Each ball contains approximately 100 calories when making 16 balls.
Can I use quick oats instead of old-fashioned oats?
Yes, but quick oats create a softer texture. Rolled oats give more structure and bite.
What if I don’t have chocolate protein powder?
You can use vanilla protein powder or substitute with cocoa powder for flavor, though protein content will vary.
Can I use crunchy peanut butter?
Yes, but it will add more texture and may require a bit more water to bind the mixture.
Are these peanut-free?
Not as written. Try sunflower seed butter or another nut-free alternative for peanut allergies.
Will they hold up at room temperature?
They may soften if left out too long. It’s best to keep them chilled for firmness.
Can I adjust the size of the balls?
Absolutely. Smaller or larger balls will change the serving count and nutritional info per serving.
Do I have to refrigerate them?
Yes, chilling helps the balls firm up and improves their texture and shelf life.
Can I add other protein-rich ingredients?

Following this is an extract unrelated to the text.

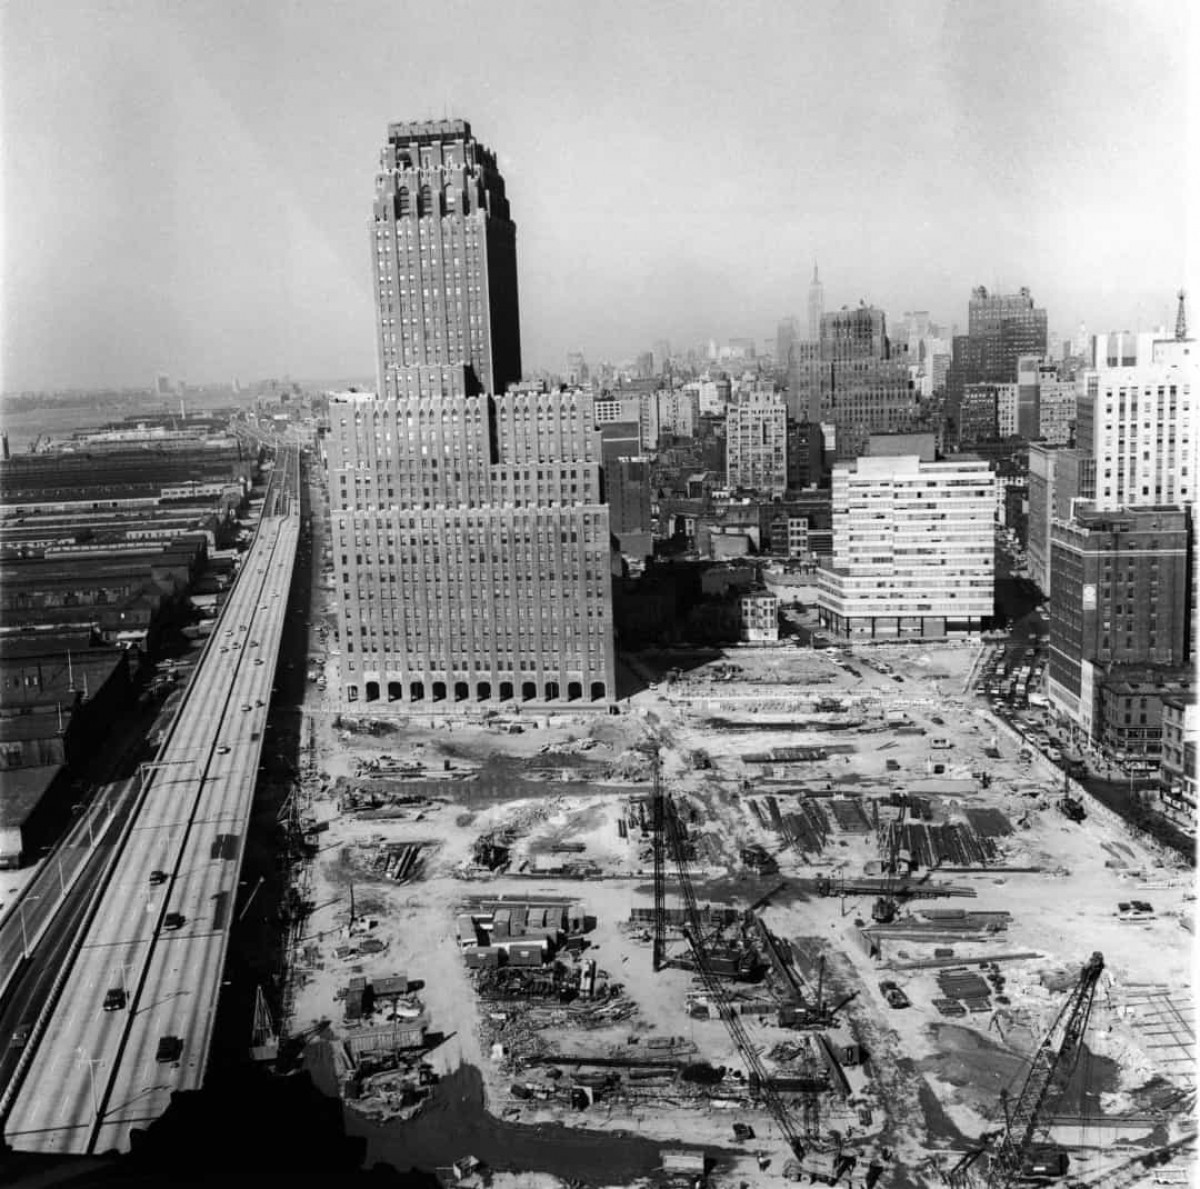 Để xây dựng trên địa điểm đã chọn ở Manhattan, các kỹ sư phải đào móng sâu 21m. Sau đó, họ thả một lồng thép cao 7 tầng nặng khoảng 22 tấn vào lỗ và đổ bê tông để tạo móng cho tòa nhà. Vật liệu được sử dụng để xây dựng tòa nhà bao gồm 200.000 miếng thép, 4.828 km dây điện, 324.936 m3 bê tông, 40.000 cửa ra vào, 43.600 cửa sổ và 6 mẫu đá cẩm thạch.

Yes—try whey crisps, chopped nuts, or seeds. You may need to adjust liquids to maintain the right consistency.
How should I serve them?
Serve them chilled as a quick snack, post-workout treat, or healthy dessert alternative.
Conclusion
Chocolate peanut butter protein balls are a simple yet satisfying snack that balances flavor and nutrition. Easy to customize, quick to prepare, and perfect for storing ahead, they’re a staple recipe for anyone looking to fuel up with something delicious and wholesome. Try them once, and they just might become your go-to snack for busy days.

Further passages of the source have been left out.